Принц пружинисто поднялся, демонстрируя намерение уйти. Артур встал следом, подойдя, протянул принцу руку для прощального рукопожатия.
– Я буду делать все возможное, – повторил он, задерживая гостя у двери, – Но. Ты имей в виду, что я не всесилен. В этой игре многое зависит от тебя лично.
– Я не играю в игру, Артур, – на прощание шейх облил гостеприимного хозяина очередной дозой презрения во взгляде, которую Артур принял безропотно, как обещающую скорейшее выздоровление пилюлю. – Я хочу получить женщину.

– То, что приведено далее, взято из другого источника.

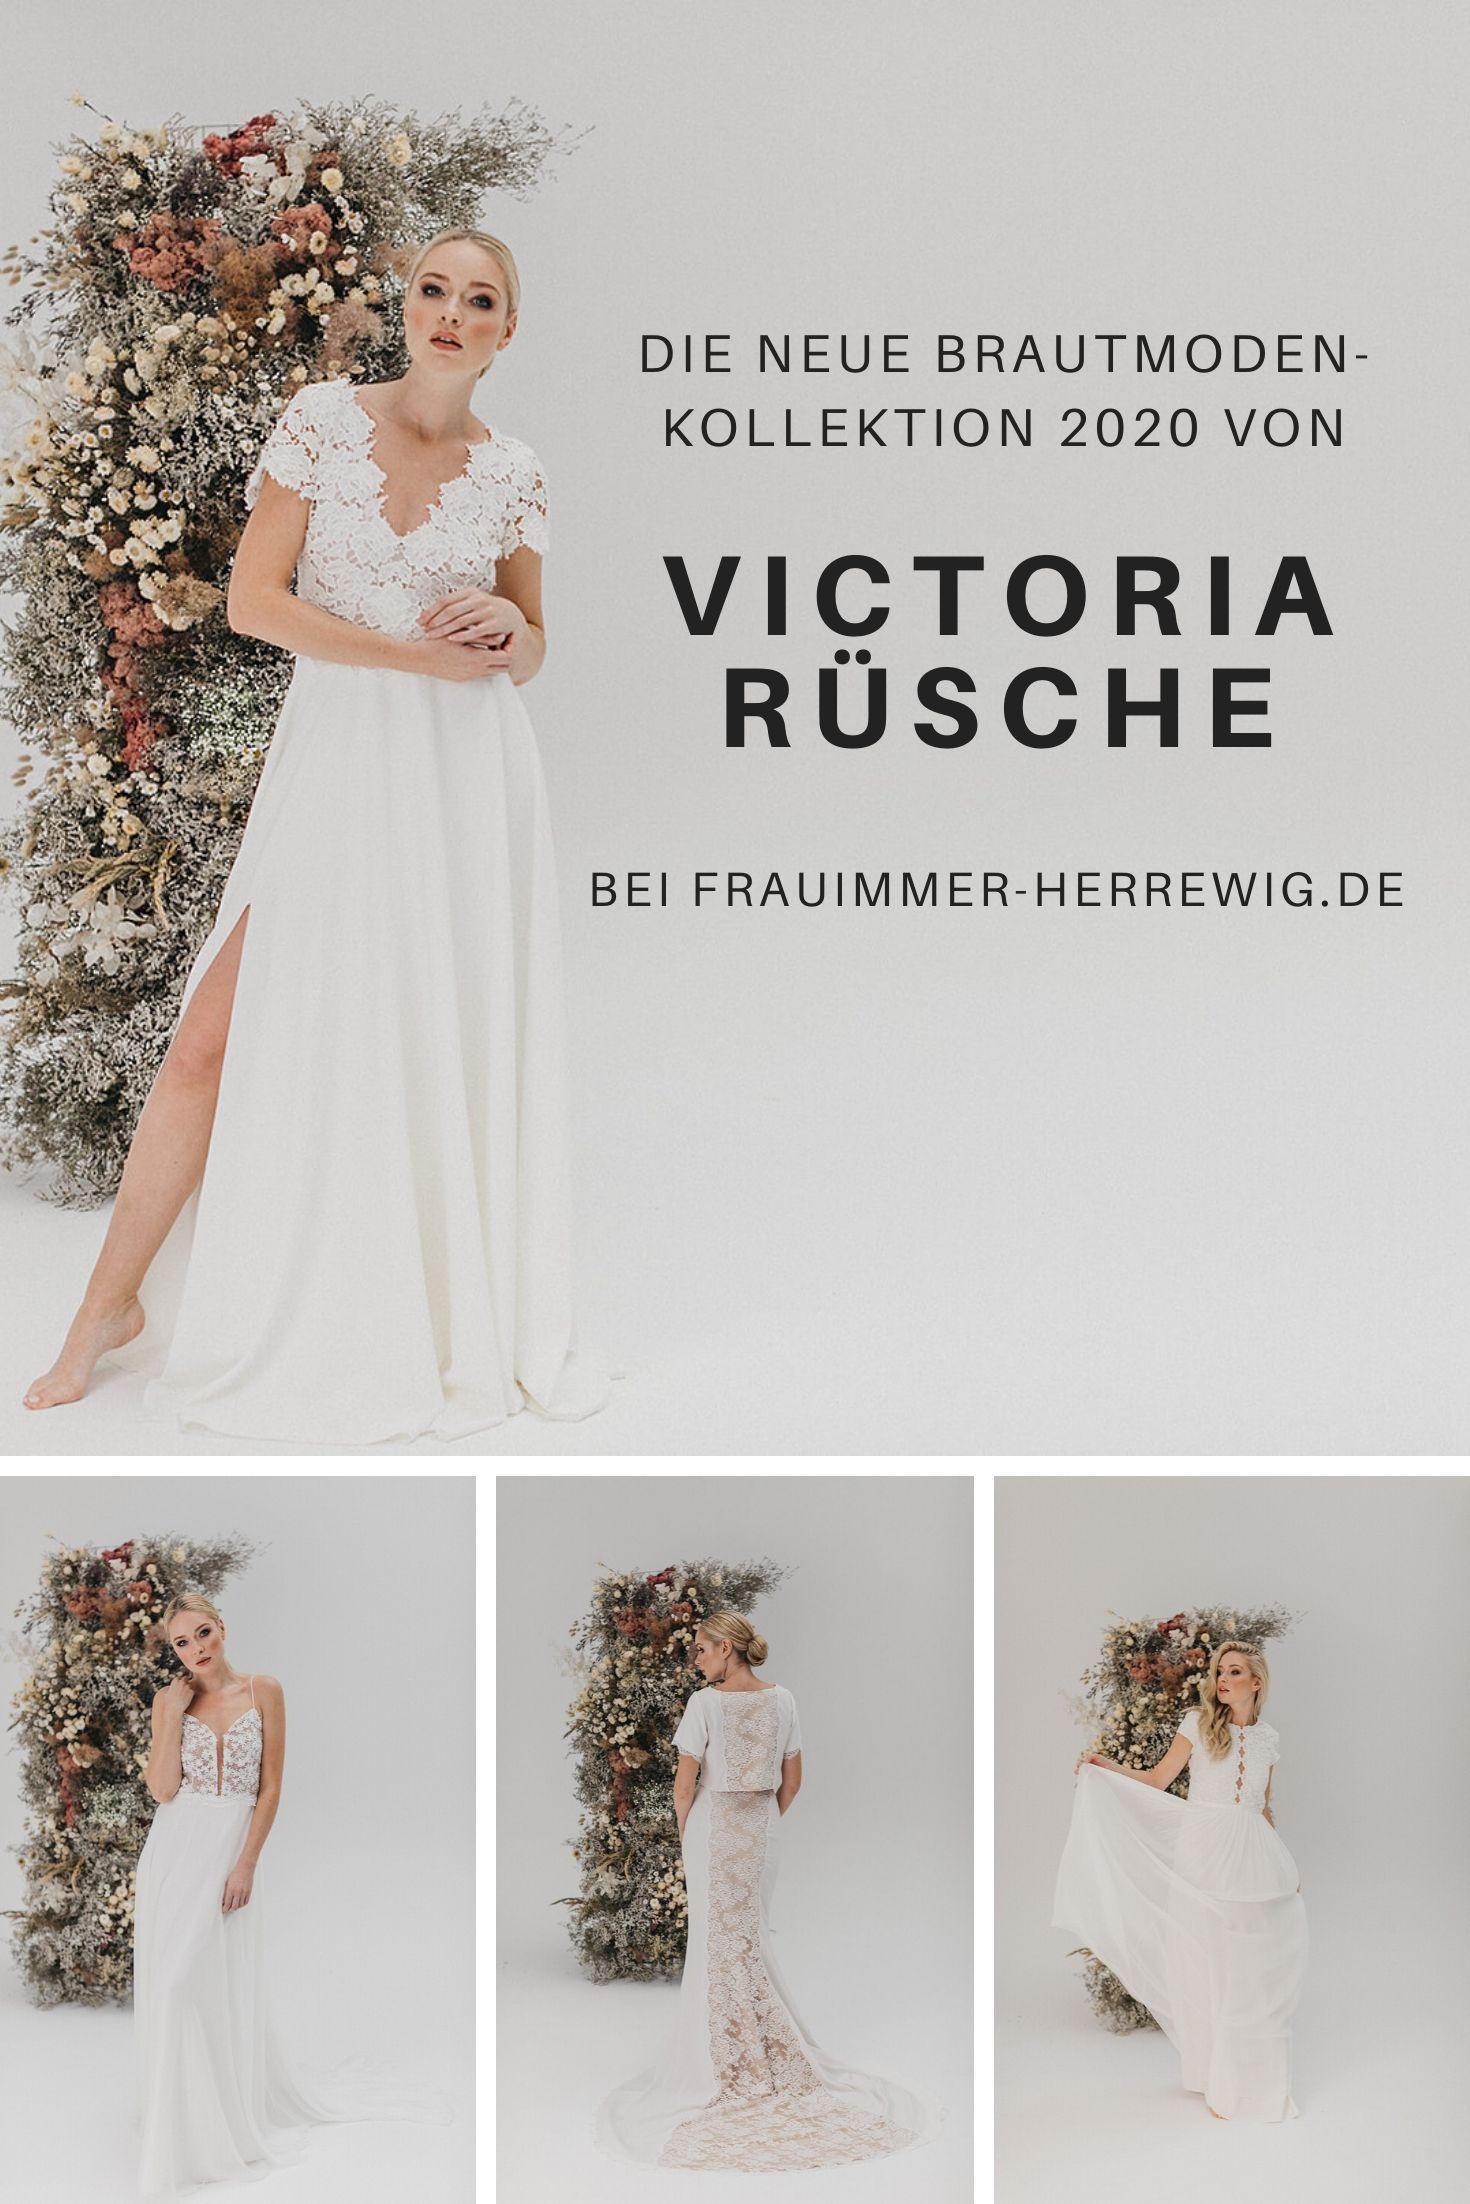 Brautmoden kollektion victoria ruesche – gesehen bei frauimmer-herrewig.de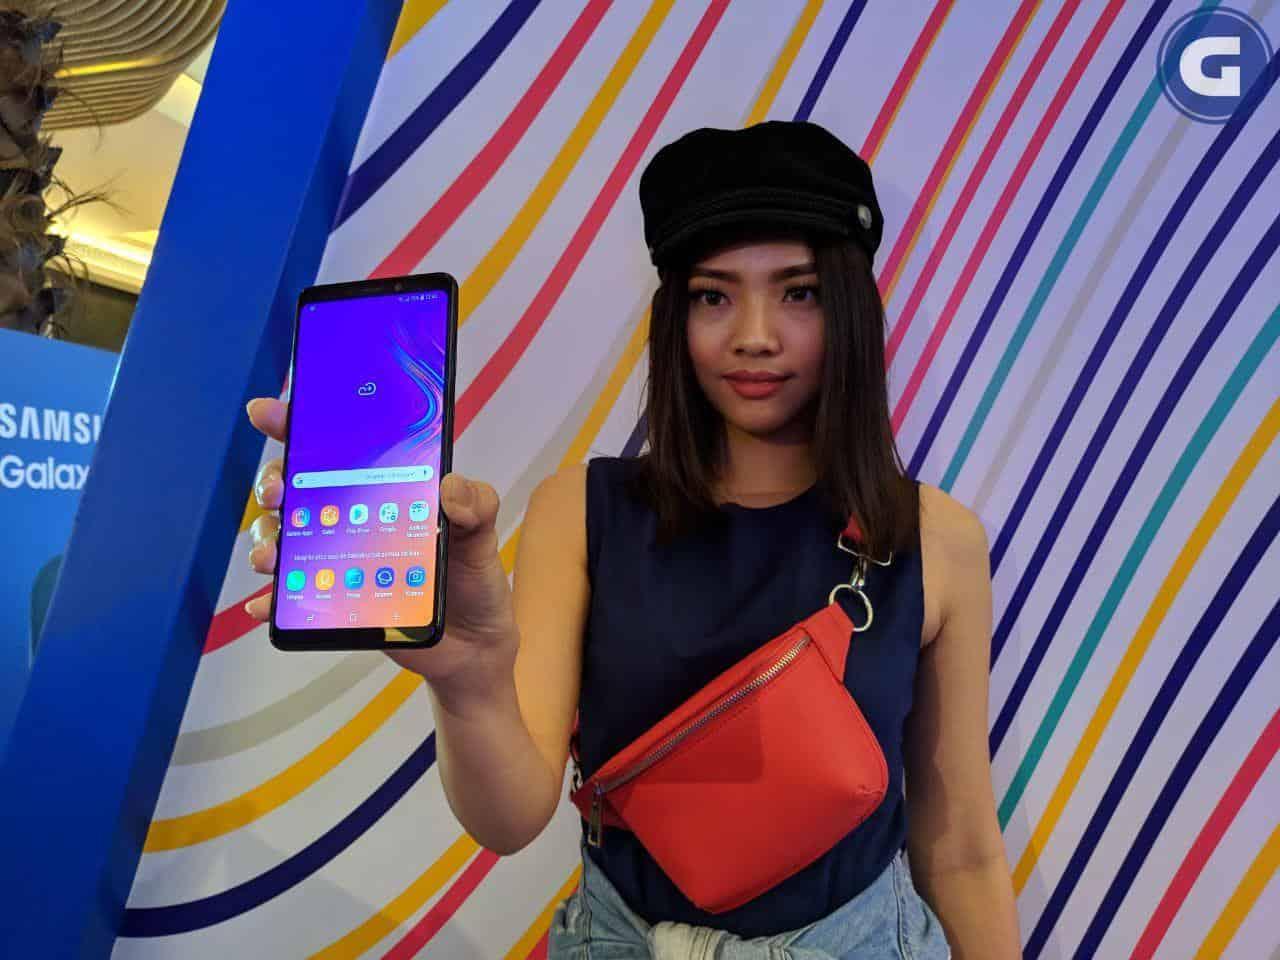 Samsung Galaxy A9 Indonesia

Эту конкретную женщину. Ты мне должен помочь.
– Помогу.
Самир ушел. Артур снова уселся в свое удобное кресло, повернулся в нем, глянул в окно – на улице шел снег. Так просидел где-то с полчаса. Через полчаса поднялся, прошел к бару, плеснул себе коньяка, вернулся на созерцательный пункт. Через час вызвал по телефону секретаря. Холодным взглядом встретив вошедшую жену, Артур осведомился:
– Скажи, Жозефин, на месте ли Мозес Гершт, наш гениальный реставратор?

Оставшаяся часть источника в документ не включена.